The film follows marginalized man, Henry Creedlow (Jason Flemyng). He’s got some of the worst luck you can imagine. His financial adviser is stealing money from him. His wife is cheating on him with his boss -who also happens to be a total dick. His own dog doesn’t even seem to respect him. Rather than confront these issues, he remains silent and rolls with the punches. That is, until he wakes up one morning without a face. With the physical removal of his identity, he seizes the opportunity for retribution.

And boy, does he ever. The entirety of the second act is revenge fantasy at its most effective. There are moments where, despite your more forgiving tendencies, you’ll feel compelled to cheer Henry along as he dishes out his brand of personal justice. Romero’s script and direction help it rise above these baser moments. He asks valuable questions about identity, how we’re defined as people, while still delivering the horror. Where the Dead films were sociological in their scope, Bruiser telescopes its focus on the psychology of an individual trying to exist in a world that has wronged him. Robbed of his essence by those around him, he has no choice but to become a slave to his animal tendency towards violence.

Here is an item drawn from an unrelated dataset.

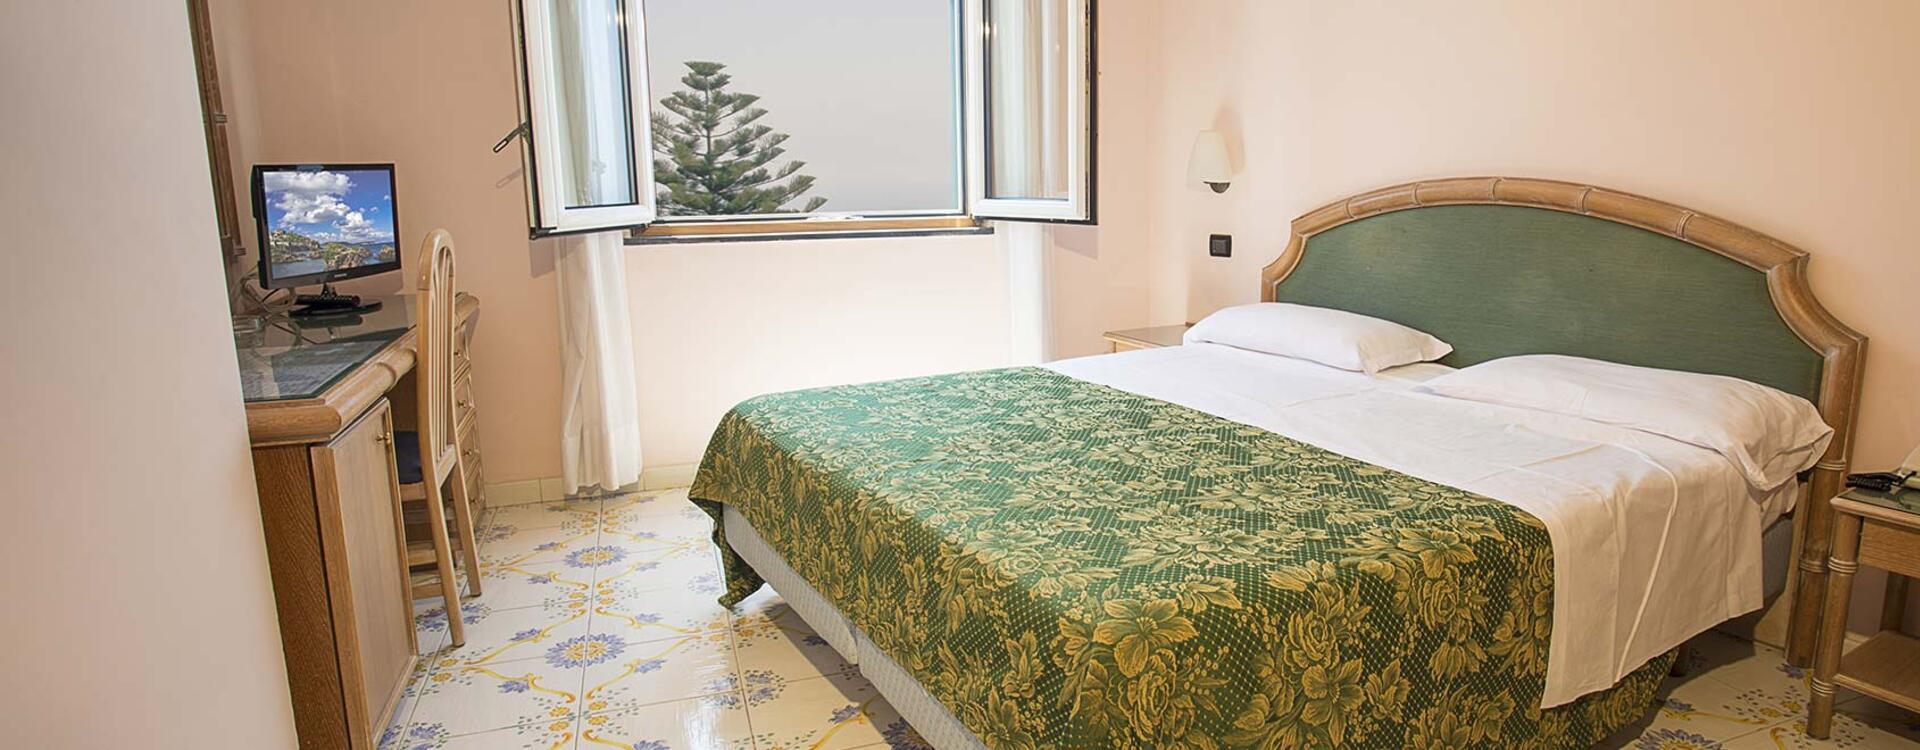 hotelsaintraphaelischia en hotel-rooms-ischia 009

He won’t hurt that puppy, will he?

Compliments are due to the cast, especially Flemyng as Henry and Peter Stormare as his super douche-y boss. With a budget of approximately $5 million, Romero continues to prove his excellent record of getting so much out of so little. While admittedly, the climax seems a bit rushed, especially given how well everything is set up, Bruiser is one of Romero’s better efforts and I frankly don’t understand why it doesn’t get more attention. Check it out, if you haven’t already. If you have, I’d recommend revisiting it. Either way, you won’t be disappointed.